Oddly, the court in Mallinckrodt neither cited nor considered Classen. Although it cited Cleveland Clinic, the important distinction between the claims that included the treatment step and those with only the diagnosis step was not discussed or even recognized. This decision then appears to conflict with Classen, and without any analysis of Classen in Mallinckrodt it can only be guessed why the two decisions diverge (apart from the usual lack of judicial consistency when it comes to patent eligibility). In Classen the immunizations, while claimed at a high level of generality, were administered according to a new and unconventional schedule. In Mallinckrodt, a known treatment (nitric oxide) was claimed to be withheld from a certain population of patients, which was new and unconventional. In both cases the drugs themselves were well-known, but the pattern of whether and when to administer the drugs was not. One distinction between the inventions in these cases is that Mallinckrodt involved a binary decision to “administer or not administer” the drug, while Classen involved chronologically scheduling the administration of the drug.
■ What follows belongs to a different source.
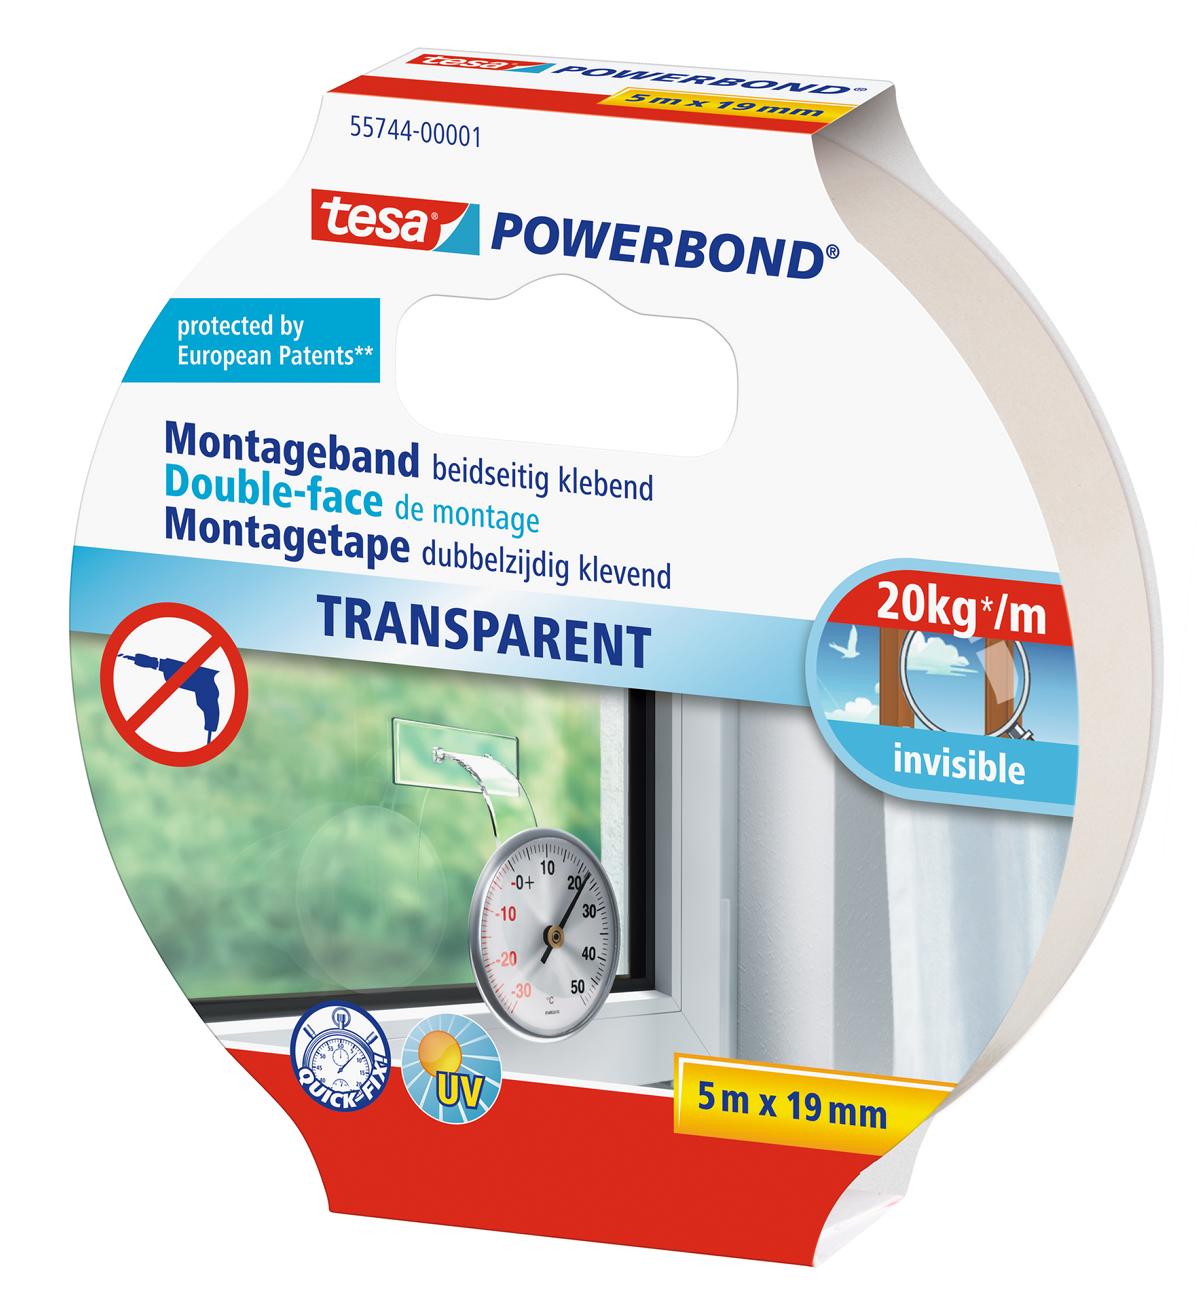 tesa Powerbond Montageband Transparent, 5 m

If the lesson of Mallinckrodt is that providing or withholding a given treatment based on a diagnosis is not “significantly more” than the treatment itself, then it conflicts with the USPTO’s public guidance in the MPEP and the Life Sciences Examples.

Does Mallinckrodt Change Anything?

The trial court’s decision has been appealed to the U.S. Court of Appeals for the Federal Circuit, which is the appeals court with jurisdiction over all patent appeals. If the Federal Circuit adopts Mallinckrodt and abandons Classen, it will deal another significant blow to those developing advanced diagnostic methods. At the very least it would call into question the settled understanding of the public (and the officials at the USPTO) that methods of treatment tied to methods of diagnosis can still be patented. However, even if the decision in Mallinckrodt is affirmed, planning the funeral for American diagnostic patents may be premature. For those who value predictability in the application of the law, it may be hoped that the Federal Circuit will either reverse the decision in Mallinckrodt, or somehow reconcile these cases.